F**** the strategy — Why brands need FOCUS more than ever.

For any brand to be successful, there needs to be a clear articulation of the business's plan, vision, and personality, also known as a brand strategy. Design Rush has a great article on brand strategy for a great refresher on what that includes.

Lots of brands, global to local, put together brand strategies. As it turns out, only a few fully utilize that strategy to improve their brand story. It occurs more than you would think with brands you'd recognize. Brands will pour tons of time and money into a brand strategy, investing in the desired future they want this brand to bring to life. 

Suddenly, months and millions go by, and the output is a 125-page PDF.

The ideas are all there, the target audience is correct, and it's saying the right things, yet there's no impact. For brand strategies to be effective, they need to impact people with a vision. That vision needs to be focused and defined. Especially as marketing budgets contract, a brand that efficiently connects to people is more important than ever.

If you think of this process like building a house, your brand strategy is the blueprint. It provides detail and structure, dialed in with metrics and measurement, but there's no emotion. That's where focus comes in to complement the blueprint with a specific color, texture, and design choices to create a personality. Providing people with a fuller experience of what the home is. It's why our studio has created an entire program to conduct these focus sessions with brand strategies that are starting from scratch or solidly defined.

Here are three ways you can add focus to a brand strategy:

1. Take two more steps.

One way to add focus to any brand strategy is what we'd call taking two more steps. Most brand language is pretty universal and frankly demands pushing to be more specific. Taking two steps means asking "Why" or "How" to make the language more precise.

“We provide an amazing experience.”

“Why?”

“People deserve to feel comfortable in our hotel.”

“How?”

“Our guests feel the calm of coming home.”

In two simple questions, we went from the uninspiring "We provide an amazing experience." to a much richer and focused idea around the comforts of a calm and relaxing home. By asking two simple questions, it allows people to go past the common thinking and literally go deeper.

It becomes much easier to bring that concept to life rather than trying to define something "amazing." This level of specificity provides a clearer vision of what the brand can do to be interesting and connect with guests. A focused brand strategy informs decision-making by defining an unmistakable personality.

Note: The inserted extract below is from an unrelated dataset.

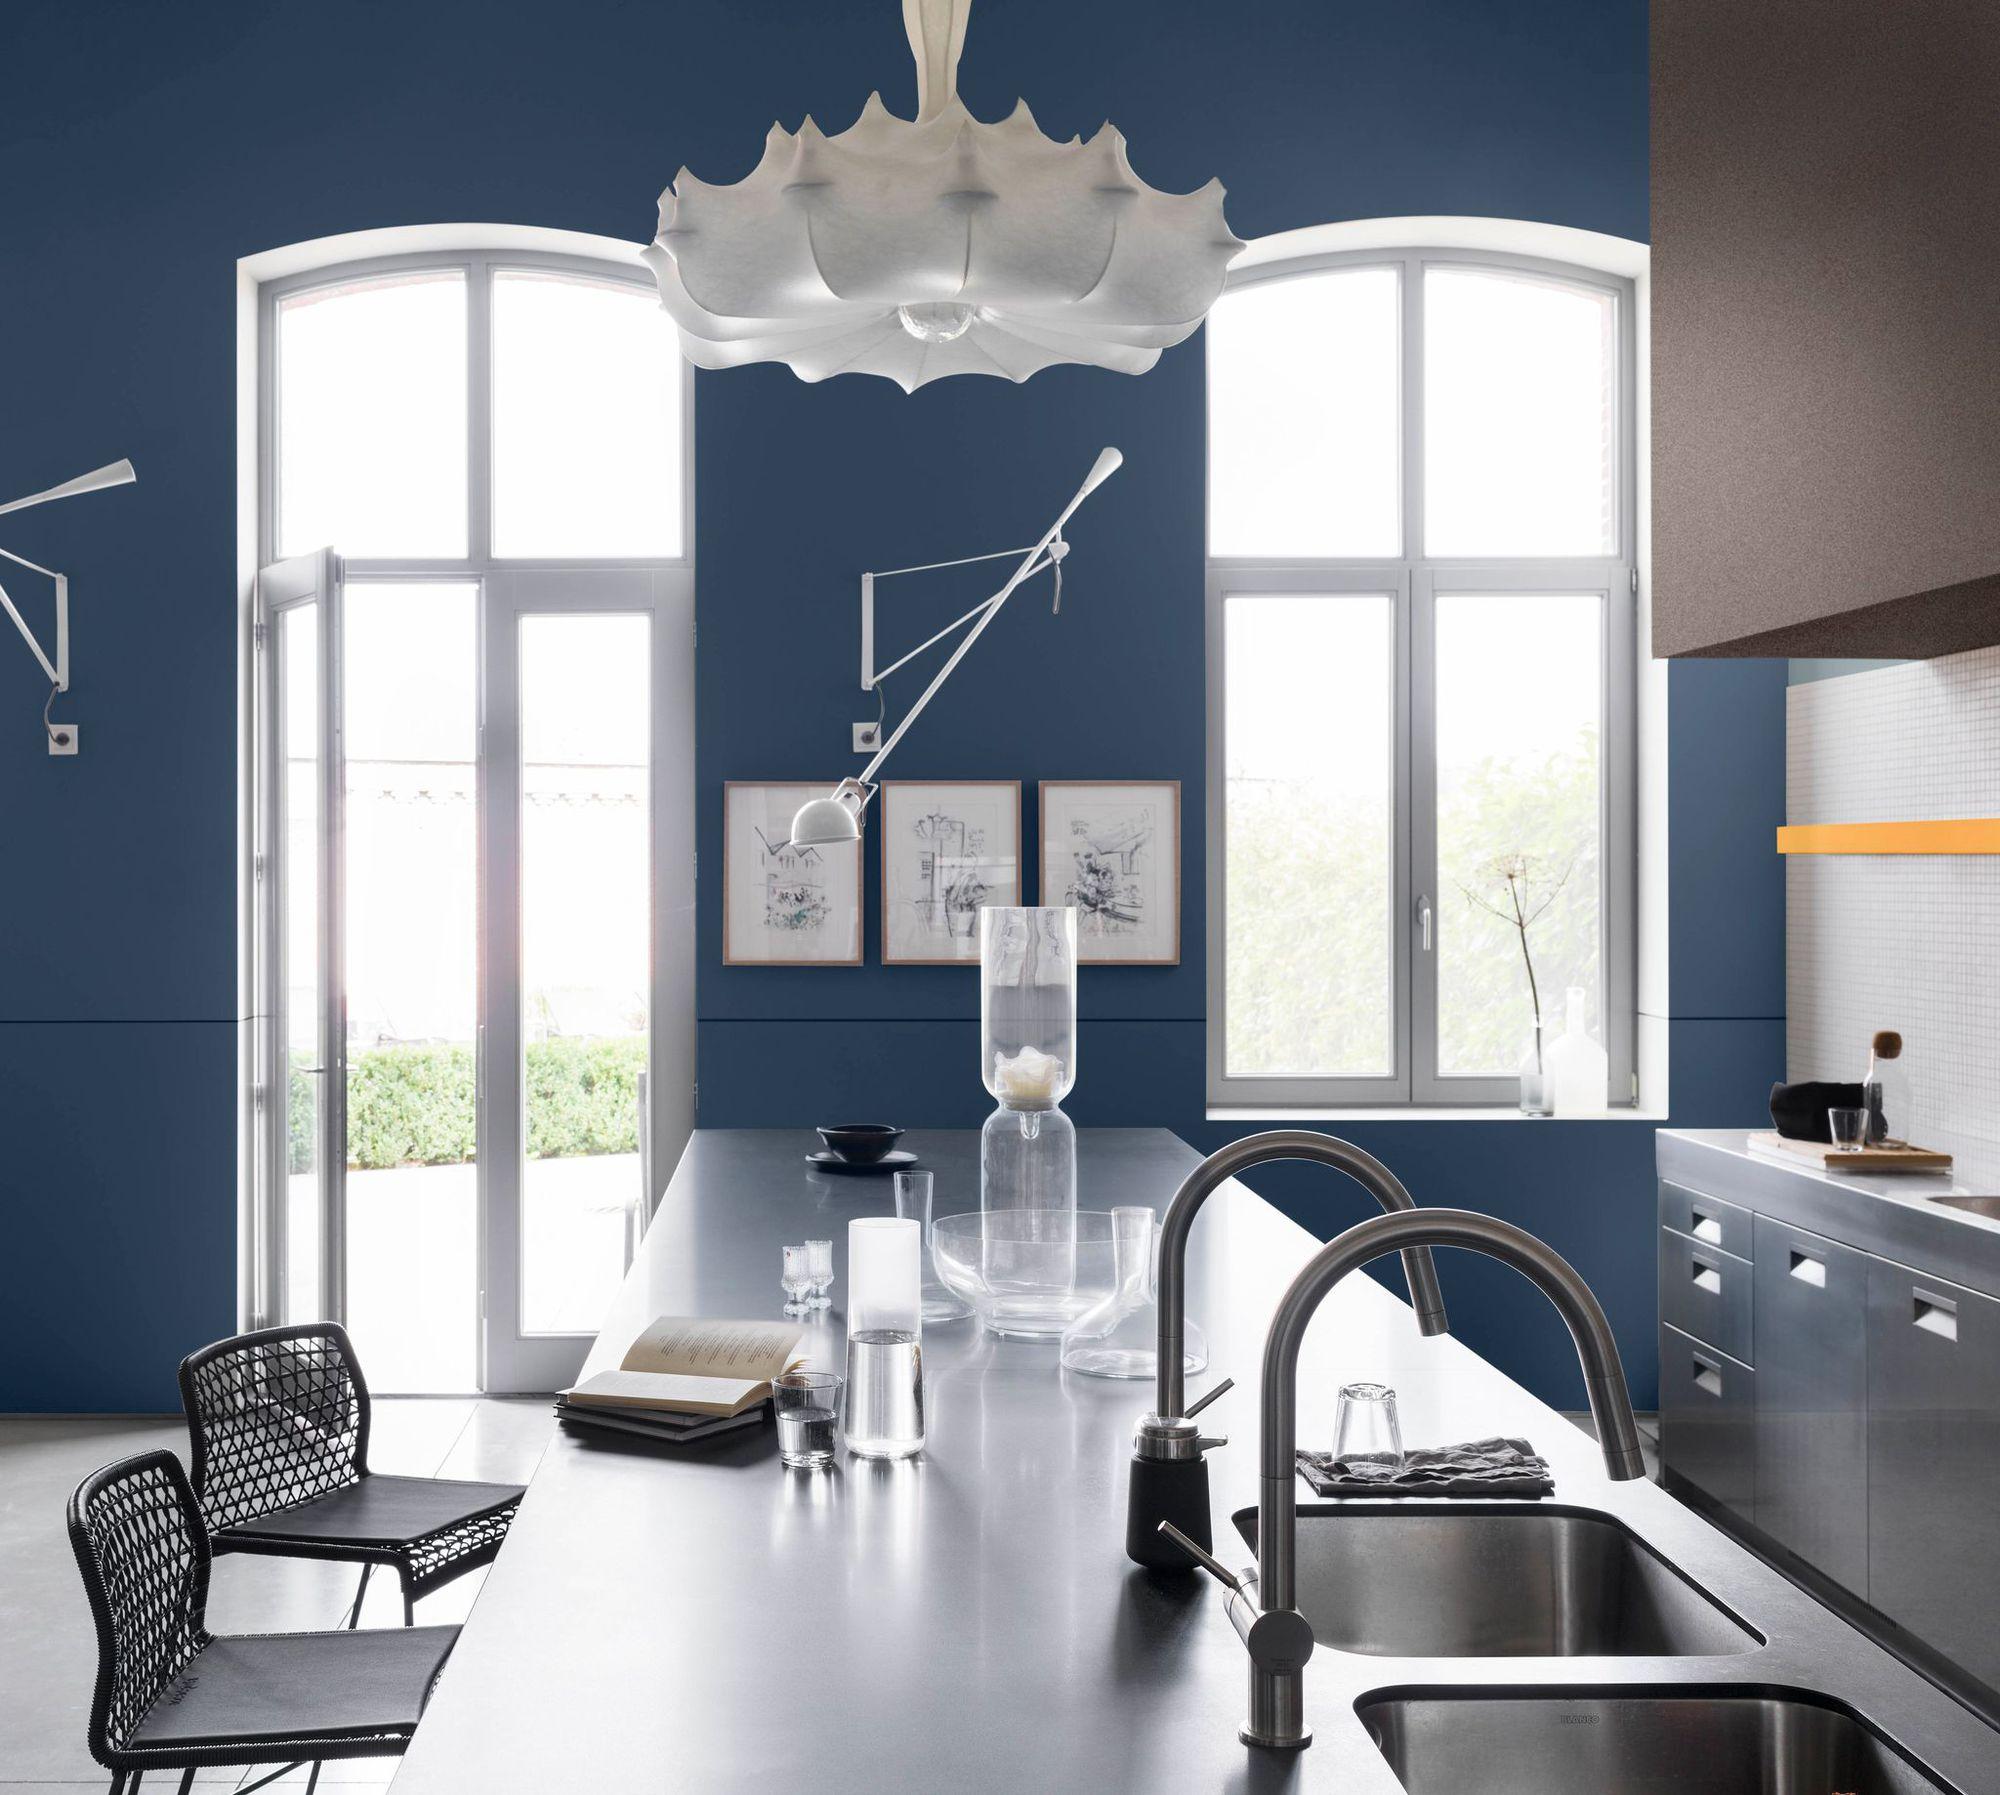 top 5 des tendances peinture pour 2018 habitatpresto. Black Bedroom Furniture Sets. Home Design Ideas
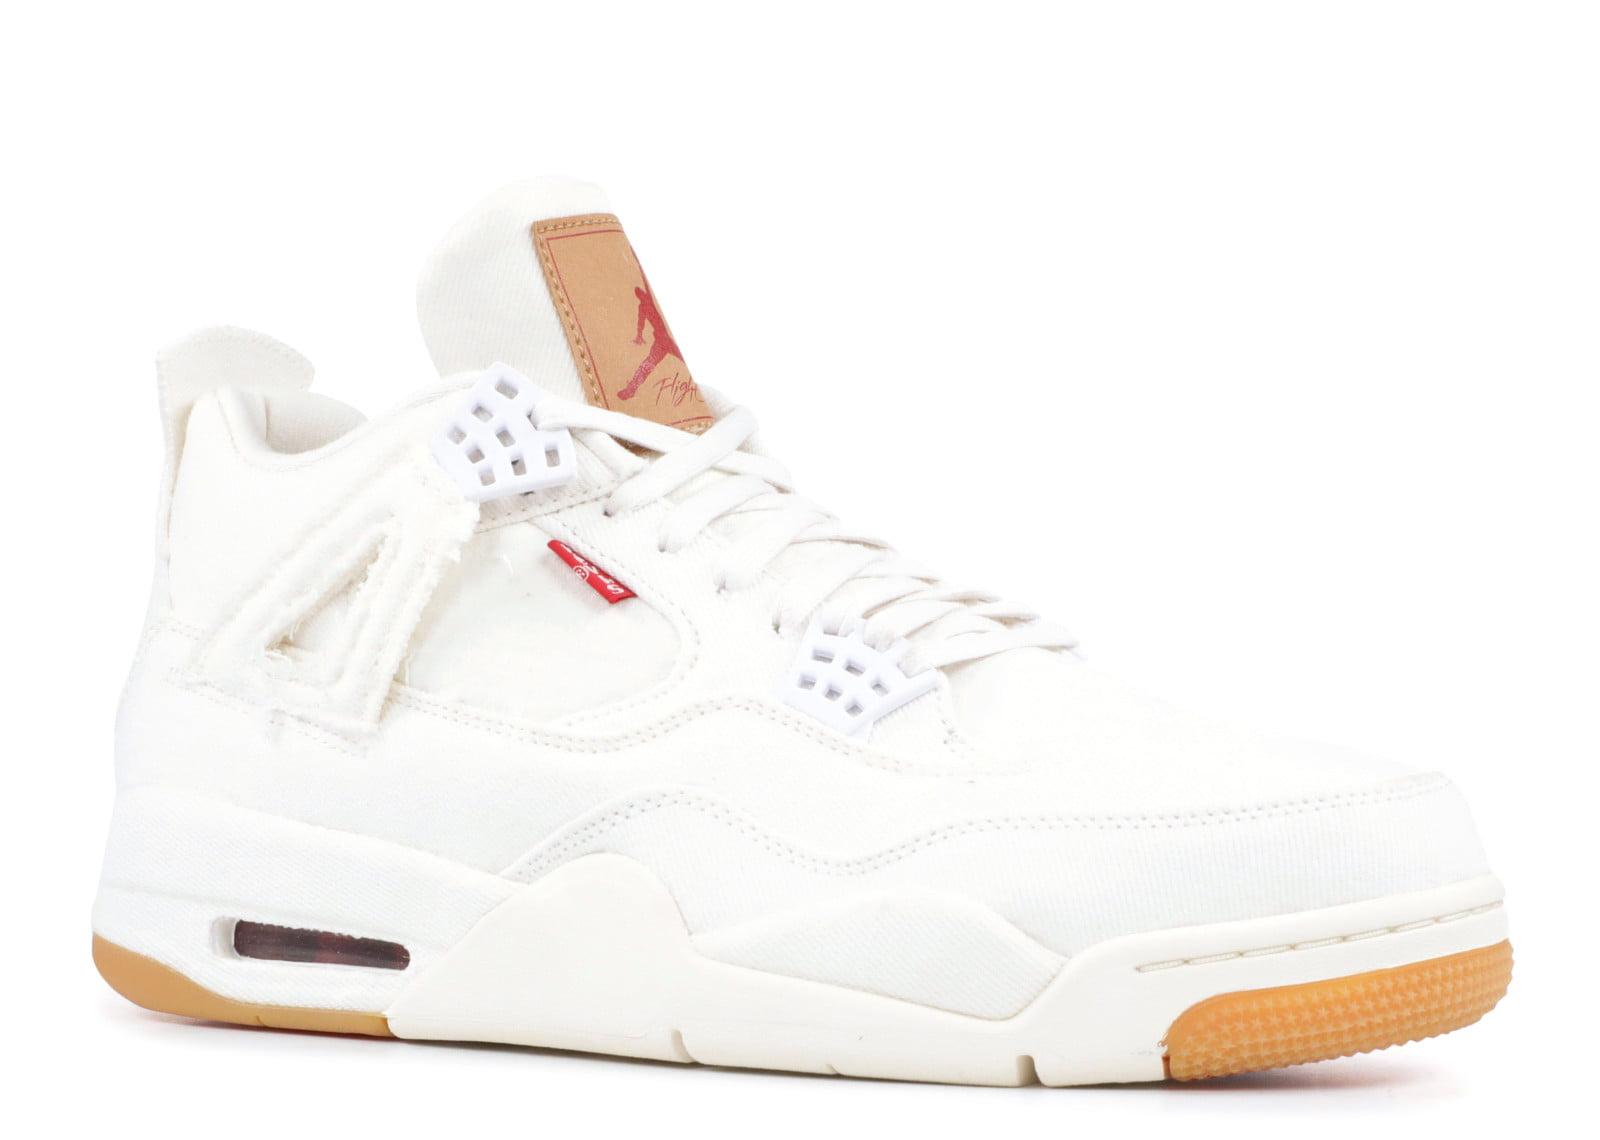 Air Jordan 4 Retro Levis Nrg 'Levi's

2. Keep one foot on the ground.

While this may seem counter-intuitive, the boldest aspiration to the moon and beyond have to start here on the ground. Or, in this case, not forgetting what the company is. There are times when founders and leaders will have the grand vision of a brand changing the world and toppling the multi-billion dollar industry leader. This audacity should be applauded and shared with everyone. Getting there, however, is the real challenge. 

People need a push in the right direction. An exercise we use is to work backwards, once the brand vision is defined. The key is identifying and planning how the brand will evolve and mature into that ideal vision.

Then it becomes clear to businesses that the most impactful steps are refinements to what is already communicating the brand story. There doesn't need to be some grand overhaul of everything. Very quickly, leaders find plenty of impactful, value-driving refinements to be implemented immediately, leading to tip #3.

3. Develop a Brand Action Plan

Part of bringing a brand vision to life is bringing it to life, and that requires a plan. There are three key areas we focus on improving through specific next steps: Strategy, Visuals, and Voice.

In each of these areas, there are plenty of things every brand can improve on. The idea here is to prioritize and choose a direct action to improve to refine your strategy, visuals, and voice. We've even made a guide to assist you, free 87BrandCheck.

Implementing any change takes time and effort to pay off, so we suggest brands focus on one high-value area of change per category. This way, businesses can incrementally revise and renovate their brands.